13.2 Any standing orders adopted by the executive board shall be consistent with the law and these Articles of Association. The executive board shall have the authority to amend or withdraw the standing orders, subject to the provisions of the second sentence of Article 17.1.
14.1 An executive board member who has a conflicting interest in a matter to be decided by the executive board shall immediately inform the executive board.
14.2 An executive board member shall not participate in the discussion of and decision-making regarding any matter in which he or she has a conflicting interest. If the non-participation of a member in accordance with the foregoing prevents the executive board from passing a valid resolution, the matter shall be referred to the general meeting for decision-making, unless the general meeting delegates the decision to one or more persons. The person or persons to whom the decision is delegated may be, or may include, an executive board member or members with a conflicting interest or interests, in which case the first sentence of this clause shall be ineffective.
14.3 An executive board resolution shall require a simple majority of votes cast at an executive board meeting.
14.4 Subject to the provisions of Article 18.2, each executive board member shall be entitled to cast a single vote on any matter decided at an executive board meeting.
14.5 An executive board member shall be entitled to be represented at an executive board meeting by a proxy, providing that the member in question does not have a conflicting interest in a matter to be decided at the meeting. In that context, the proxy must be another executive board member who has no conflicting interest and is in possession of a written letter of proxy.
14.6 An executive board member shall be entitled to participate in an executive board meeting by electronic means. The chair of the executive board may determine that all participation in an executive board meeting is to be by electronic means, providing that no executive board member objects. Participation by electronic means shall always be subject to the condition that each executive board member participating by such means is identifiable and able to play a normal part in discussion and decision-making.
14.7 The executive board may pass a valid resolution outside the context of an executive board meeting, providing that all executive board members – other than those who have reported a conflicting interest in accordance with Article 18.1, and providing that not all members have done so – have been consulted about the alternative decision-making process, and none have objected. The provisions of Articles 18.1 to 18.4, inclusive, shall apply equally to resolutions passed outside the context of an executive board meeting.
14.8 The executive board shall require the prior approval of the general meeting for a legal transaction of any kind that the general meeting has clearly defined in a written communication to the executive board as requiring such approval. If the general meeting withholds approval for a legal transaction, as provided for in this clause, the executive board and its members shall retain undiminished authority to represent the company.

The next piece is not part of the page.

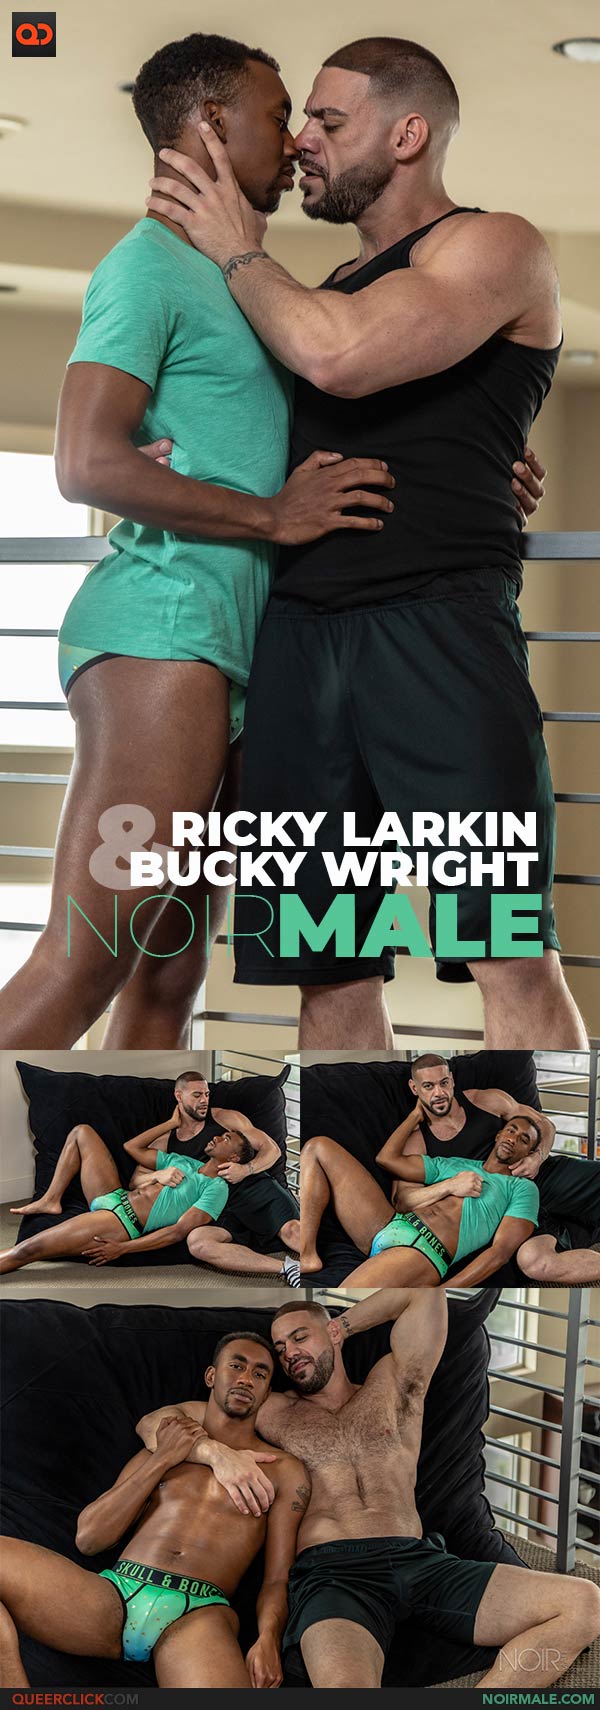 NoirMale: Bucky Wright and Ricky Larkin

15.1 If an executive board member is absent or incapacitated, that member's executive duties shall temporarily pass to the remaining executive board member or members. If all executive board members are (or the sole executive board member is) absent or incapacitated, the executive duties of the executive board shall temporarily pass to a person appointed for the purpose by the general meeting. The provisions of these Articles of Association regarding the executive board and its members shall, wherever possible, apply equally to a person appointed by the general meeting, as provided in the previous sentence.
15.2 In the context of this article, an executive board member shall be deemed incapacitated if he or she is:
a) under suspension; or
b) unwell or out of contact for a continuous period of at least fourteen (14) days.
16.1 Authority to represent the company shall be held exclusively by:
- either the executive board;
- or two executive board members acting together.
16.2 The executive board may grant authority to represent the company to one or more other persons, and may give any such authorised representative a title. The executive board may amend or withdraw such an authorisation at any time.
17.1 The registrars may support the executive board with solicited and unsolicited advice. The registrars' entitlement to be consulted shall not be amended without the registrars' agreement.
17.2 The executive board shall not be required to follow the registrars' advice. Where these Articles of Association afford the registrars the right to be consulted, the company shall determine which registrars' representative body is deemed to speak for the registrars.
17.3 The manner in which the company and a registrars' representative body cooperate, and whether and, if so, how the company supports a registrars' representative body, shall be decided by consultation between the parties.
18.1 The company's accounting year shall coincide with the calendar year.
18.2 Within five months of the end of the company's accounting year, unless that period is extended by the general meeting by up to five months due to exceptional circumstances, the executive board shall draw up an annual financial statement consisting of a balance sheet and an annotated profit and loss account. The annual financial statement shall require the signature of each executive board member. If the signature of one or more executive board members is absent, that absence and the reasons for it shall be stated. Within the same period of time and insofar as required by law, the executive board shall compile an annual management report.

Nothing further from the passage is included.